The American Tort Reform Association (ATRA) filed a petition in the U.S. Court of Appeals for the D.C. Circuit challenging the Occupational Safety and Health Agency’s (OSHA’s) edits to preemption language in the Hazard Communication Standard. The federal Standard establishes minimum labeling requirements for hazardous chemicals. ATRA argues that the preemption language in effect prior to these edits in 2012 suggested that the federal Standard preempted common-law duties and liabilities, such as for failure to warn.  OSHA’s edits, according to ATRA, foreclose preemption. These changes, ATRA maintains, were made without notice or opportunity for comment, and thus are ultra vires.

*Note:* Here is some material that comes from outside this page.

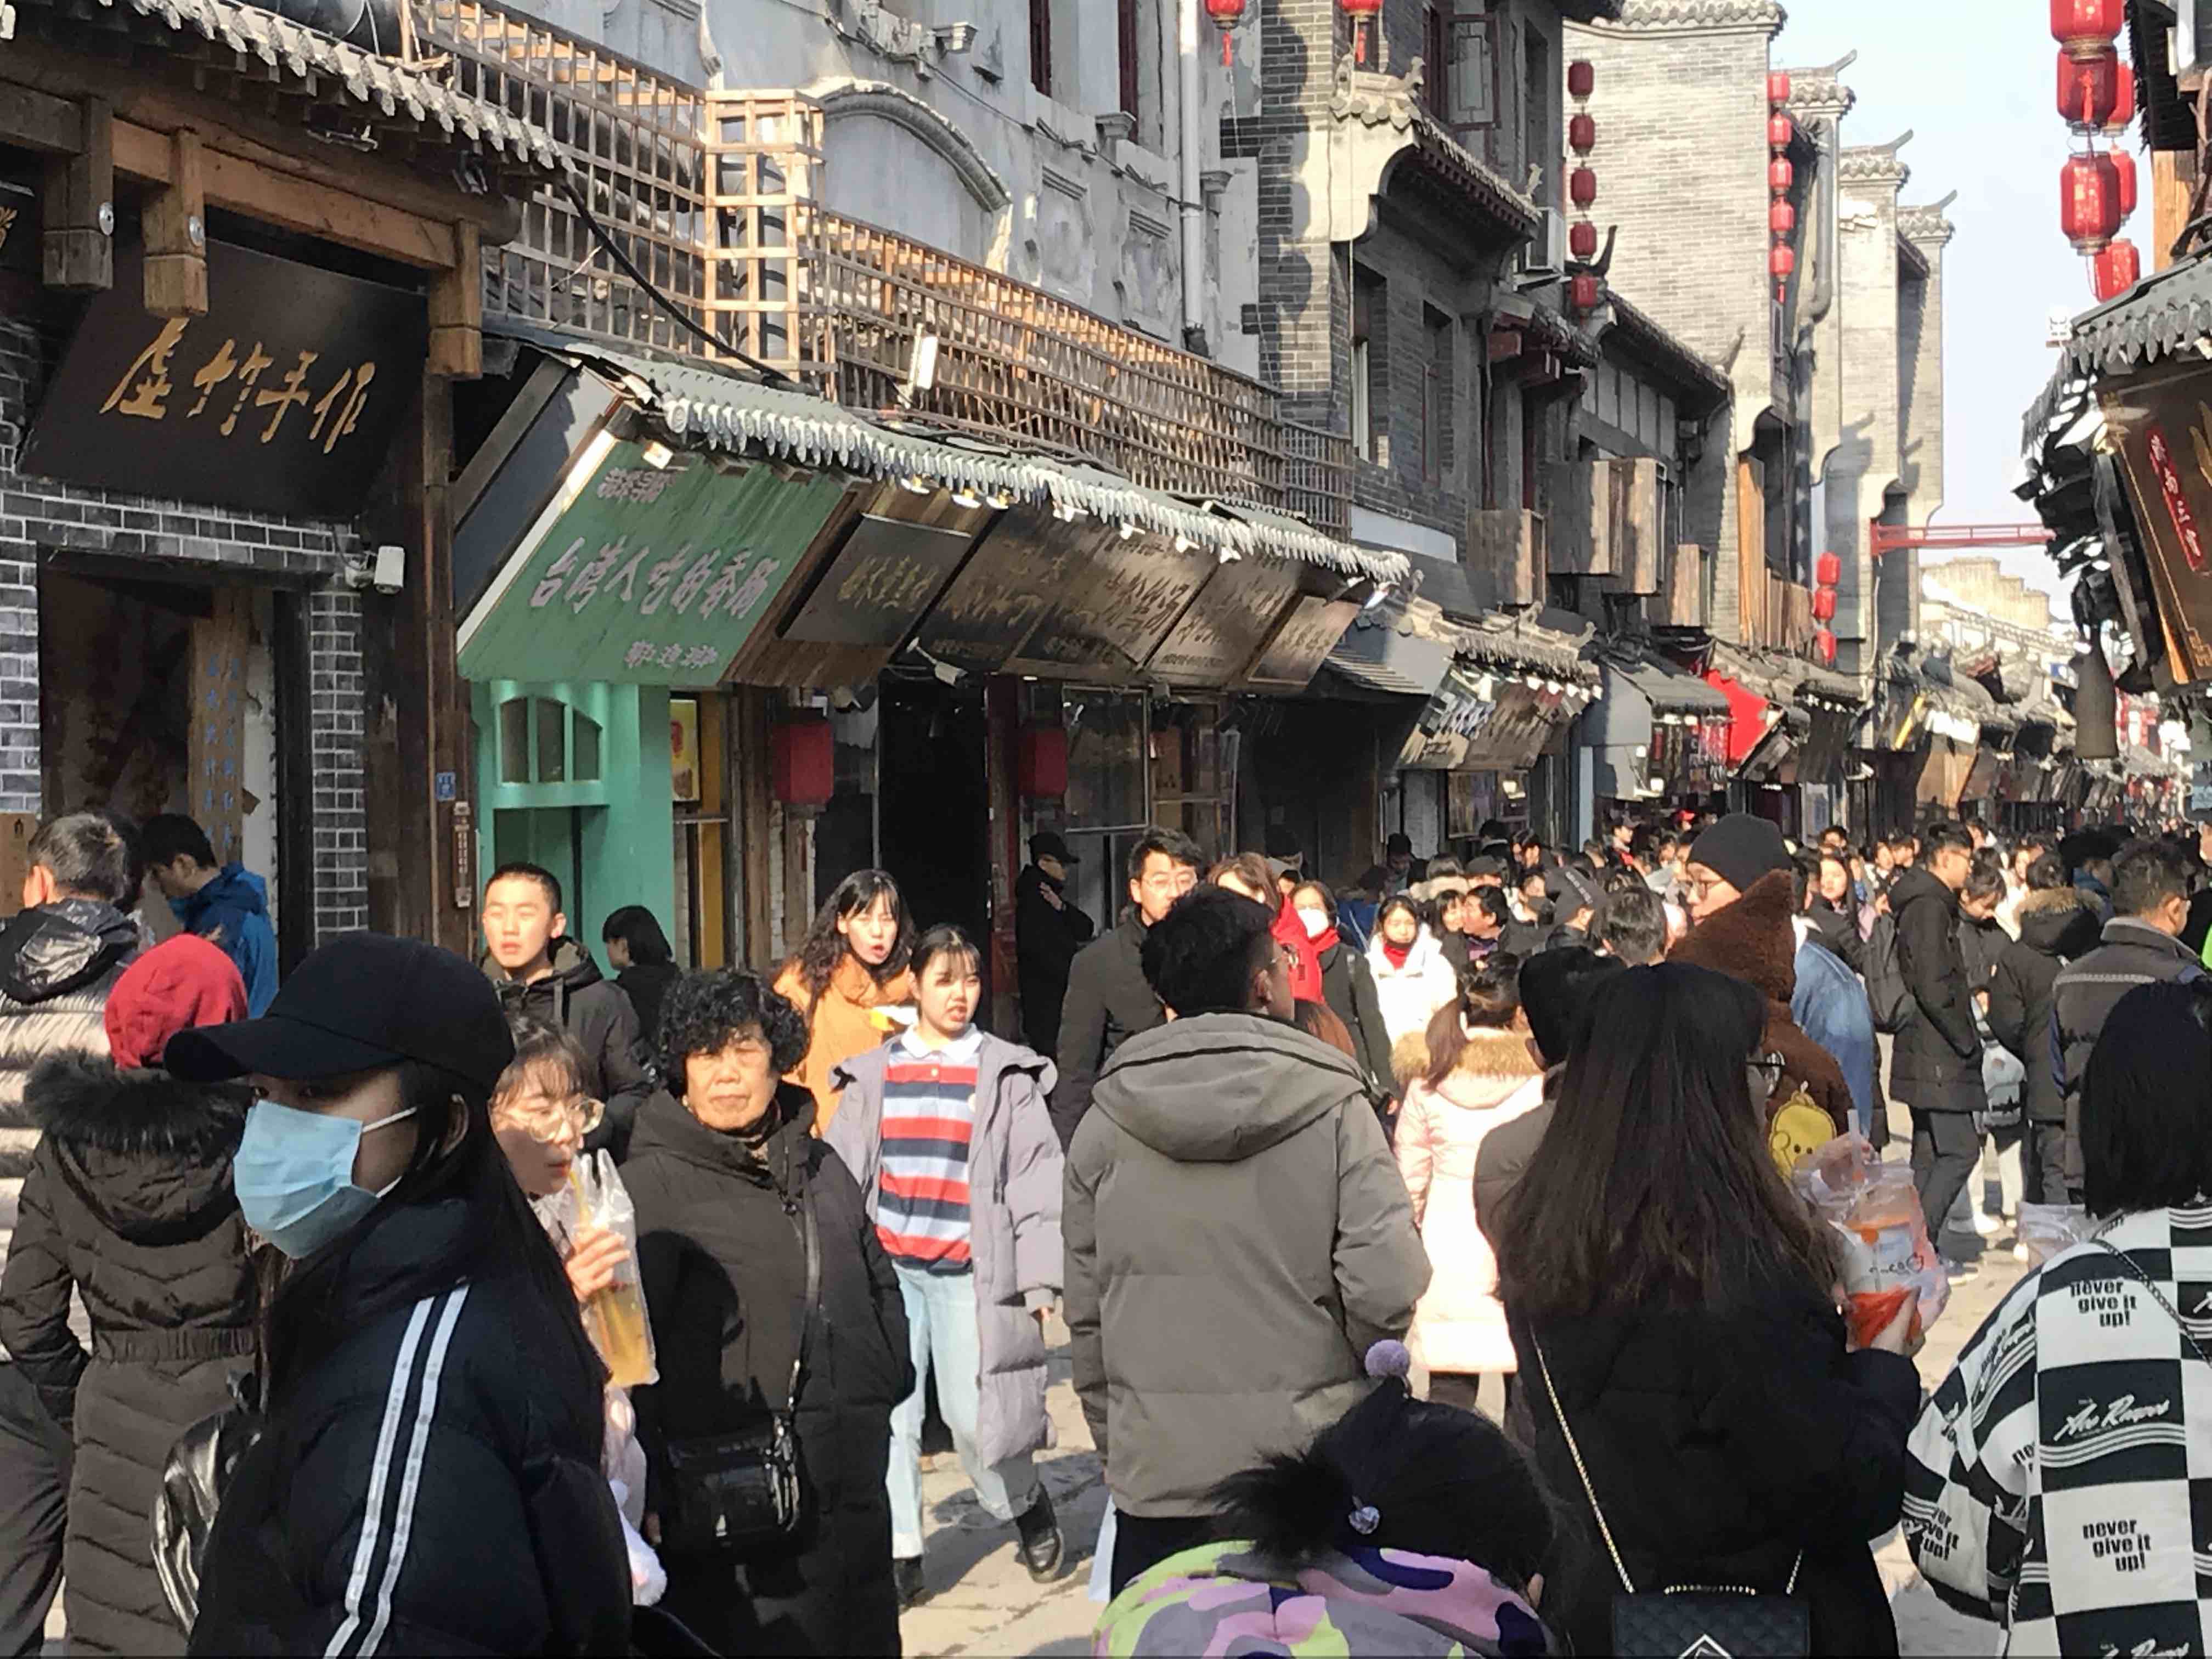 【携程攻略】济南芙蓉街景点,济南非常有特色的地方，汇集了济南的小吃，不过周末人太多，灰常的拥…

CCL has now filed an amicus curiae brief for the American Association for Justice (AAJ) in this case. The brief, written by CCL’s Andre M. Mura, and filed in support of OSHA, expresses AAJ’s concern that if tort remedies against chemical manufacturers are limited through improper application of preemption principles, injured workers will be left without compensation and chemical manufacturers will not have adequate incentive to conduct a thorough hazardous material review, or to update labeling when new hazards emerge. The brief takes issue with ATRA’s preemption arguments, contending instead that the federal Standard has never been understood to preempt common-law duties and liabilities. The brief further argues, not only did OSHA not intend to preempt common-law duties in this federal Standard, it has no authority to do so, because Congress, in enacting the OSH Act, never authorized preemption of common-law duties on the scale imagined by ATRA.